The writer is a hospital administrator, and this book is a pandemic story that rings chillingly true. Since a pandemic did what pandemics are wont to do, lots of people are dead and a police state is in charge. More conspiracy stuff includes Biblical prophecy. The ALTA Project isn't fully in the realm of sci-fi. It's just realistic enough, with intensive medical details.It's a short thriller with an ending that shocks. Pandemics and conspiracy go together like peanut butter and jelly.
The movie's writer Mark Stay writes the book, so that's super helpful, novelization-wise. No kidding, as I read the book I had the thought, "This would make a great movie." In other words, my short-term memory rewarded me greatly.
The story involves robots taking over and humans not being allowed outside. The robots have some ground rules, as powerful conquerors are known to do. Unique among them is they tell the humans they're only going to be here for a little while, then they'll pack up their stuff and get out.
Naturally, the humans don't quite believe them, even though they have a PR-friendly tagline that says "Robots Never Lie."
Hijinks ensue with scrappy humans aiming to take back their planet.
Scrappy humans vs. robots is a classic sci-fi setup, and it's classic because it works. In this case, it works well, with no excessive techno-babble, no hand-wringing melodrama. The robots need to be fought, and the humans take care of that requirement.
This one has plenty of heroic action, robot fightin' and stuff blowin' up. It's a very satisfying construction.
Vessel by Lisa Cresswell
First up, one character is named Bane, so I read all Bane's dialogue in the voice of Bane from Dark Knight Rises. I couldn't help it, and I loved it.
This one is about a girl in a post-supernova Earth, where, as you might imagine, things aren't going well. Lisa Cresswell portrays the emotional stakes of the book's heroes amid a tense adventure. The ending is stunning, but not in an M. Night Shyamalan kind of way. It's stunning because for awhile, it's easy to forget the book is an SF story.
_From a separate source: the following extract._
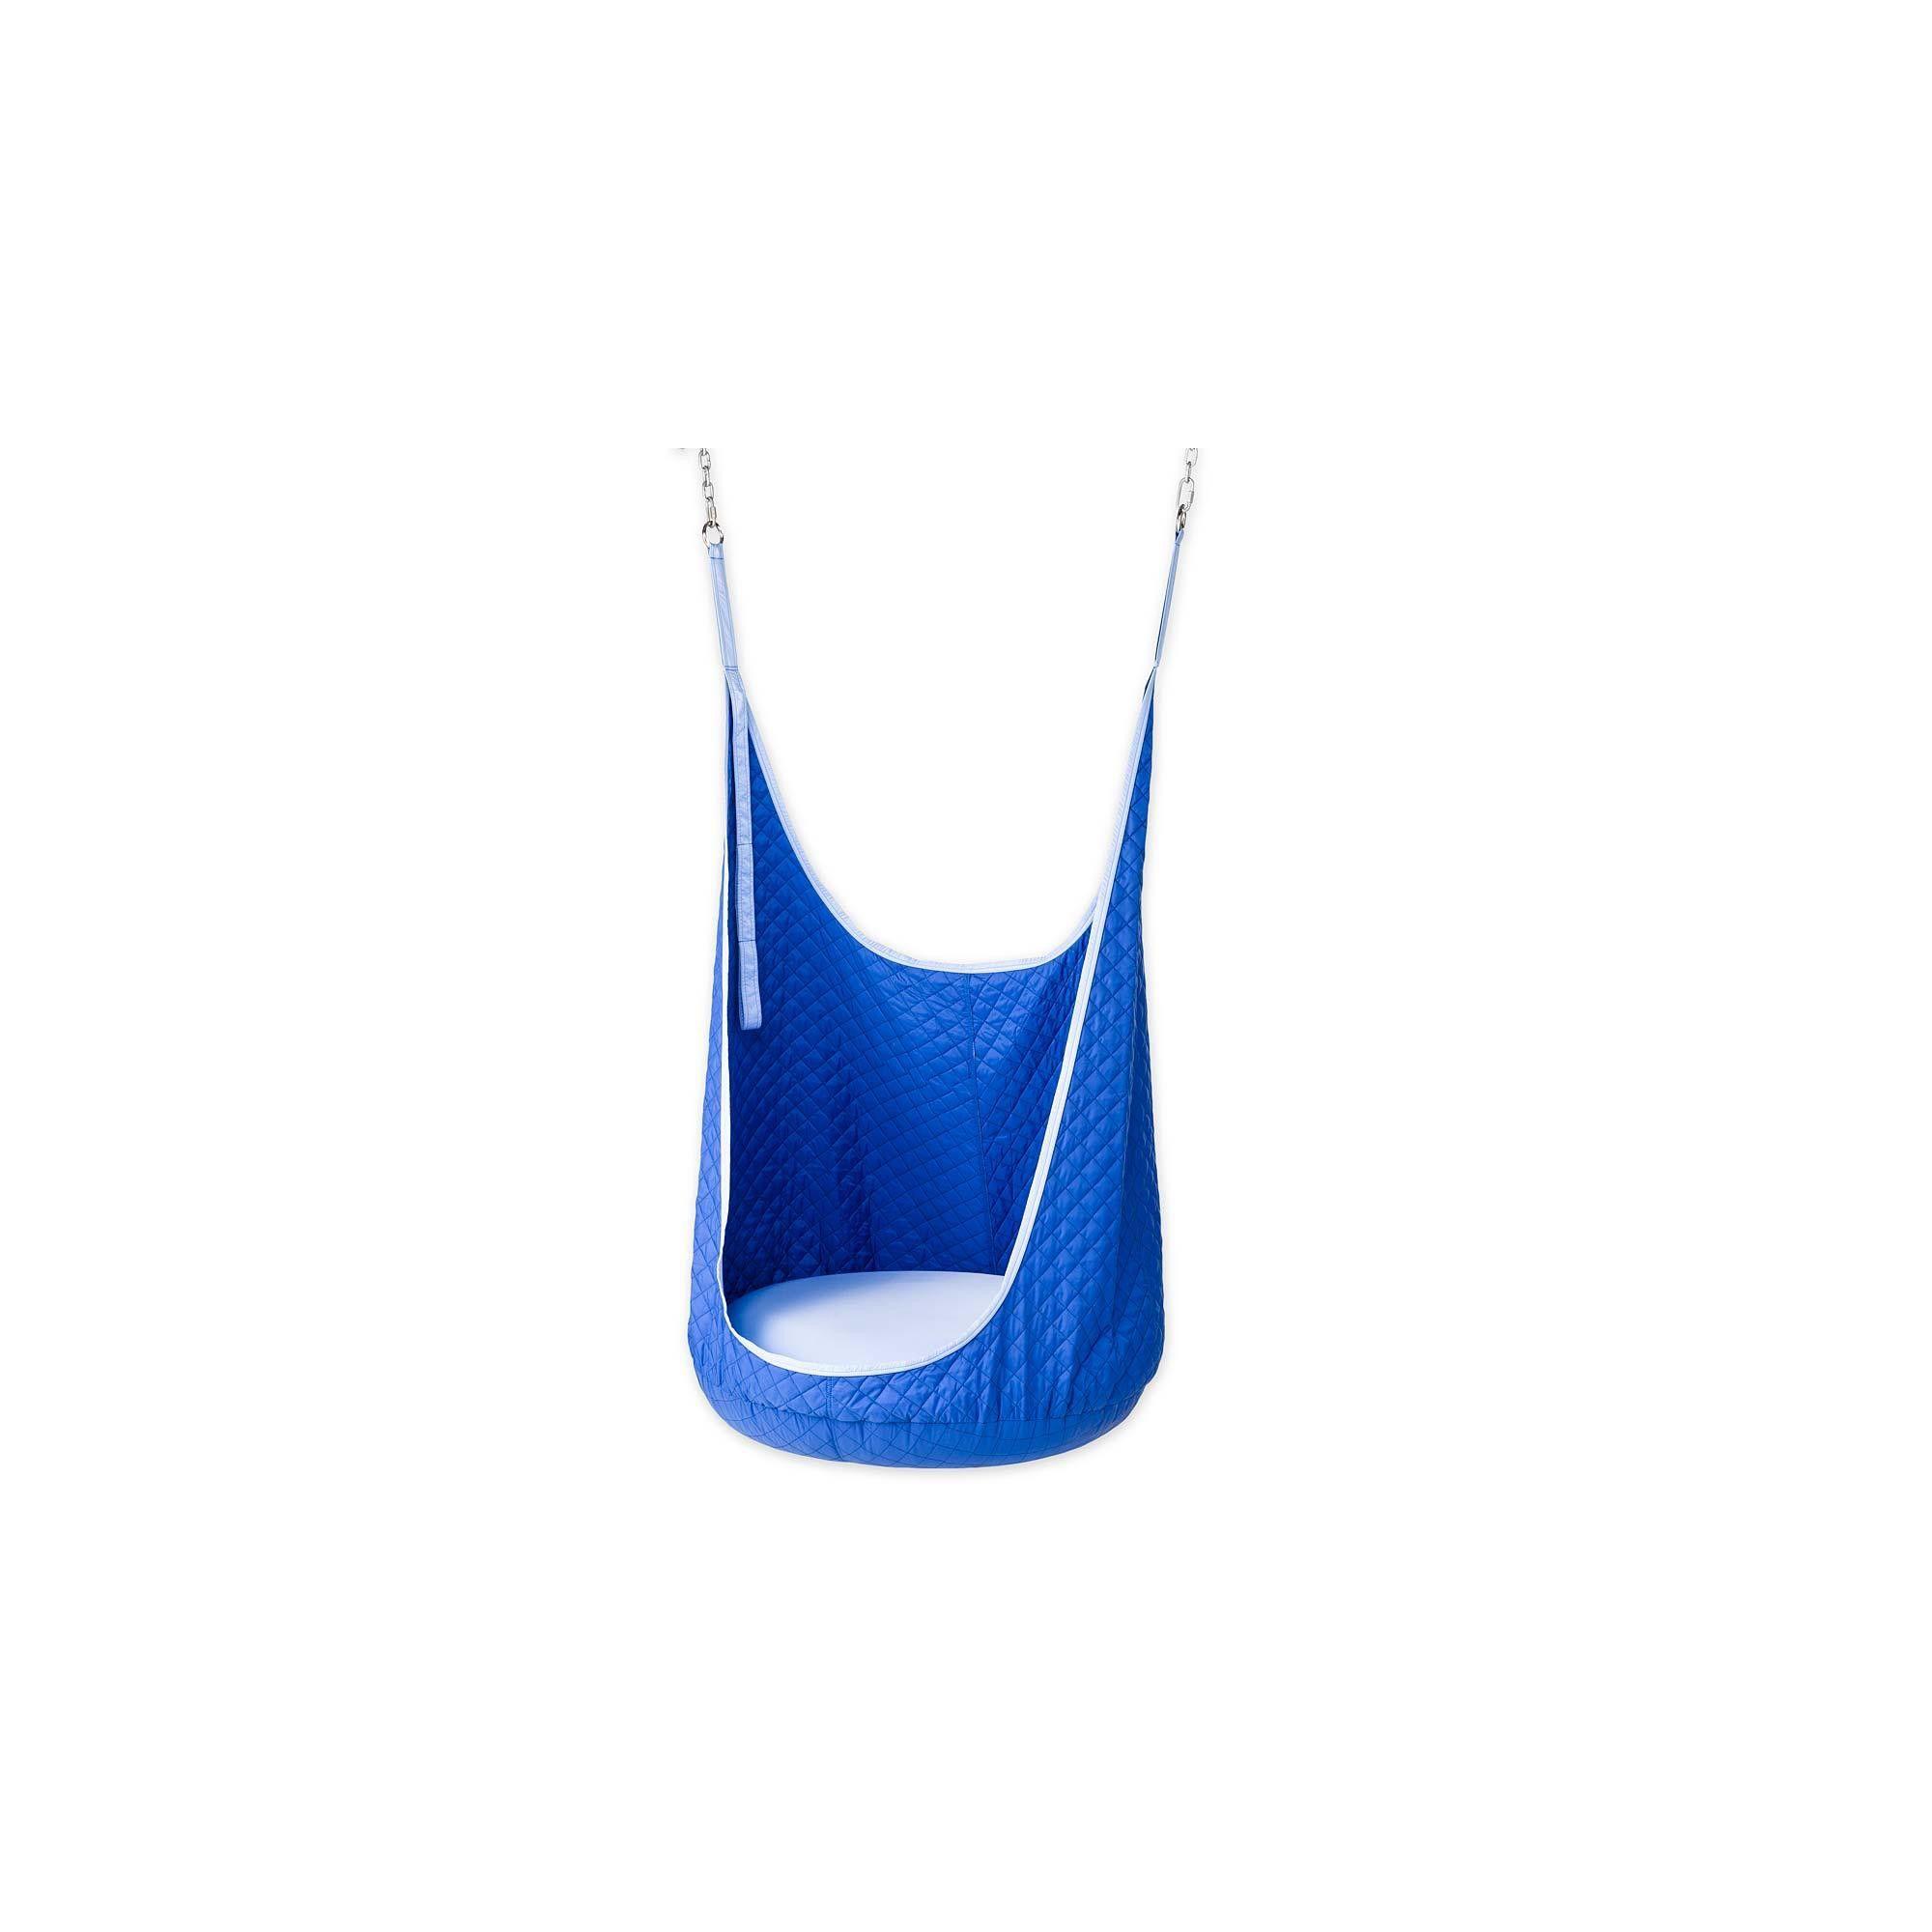 Cozy Hugglepod Hanging Hammock Lounge Chair Use Indoors Or

But, well, the end of the book fixes that.
The key to the story's success is the hero. Her harrowing journey is worth a look.
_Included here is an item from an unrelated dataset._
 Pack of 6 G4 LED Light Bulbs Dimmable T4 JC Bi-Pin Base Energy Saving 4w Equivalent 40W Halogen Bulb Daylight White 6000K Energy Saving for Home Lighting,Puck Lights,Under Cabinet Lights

Dark Orbit by Carolyn Ives Gilman
It’s been a long time since I’ve seen science fiction about exploring. Dark Orbit is about explorers of a planet whose inhabitants have a unique vocabulary and psionic perception. This kind of SF story I, and many fans grew up on. The writer digs into the science with a zeal usually reserved in sci-fi books for blaster muzzle-load distribution.
Here’s part of a discussion in the book: “Is it possible to be pure consciousness?”
Here’s another one: “It’s as if dimensionality itself underwent a reorganization.”
Those are the kinds of things Dark Orbit discusses.
And on top of that, it has a murder mystery. The book is 300 pages, but you get a brain-full of SF goodness.
A secret military space program. What could go wrong?
Author Mike Jenne is a pilot, Army Ranger and a former Special Forces officer. He takes advantage of his real-life experiences here, and it's so obviously a step above most stories of this kind. These details are things you can't find from research.
More than that, Jenne creates real people. Engineer Scott Ourecky is in the middle of the Cold War and gets in over his head. The story re-creates 1968, with all the tension of that era. This story is thick with depth and details, really bad guys and patriotic good guys. Read it while at a July 4 barbecue (any day the rest of the year is fine, too.)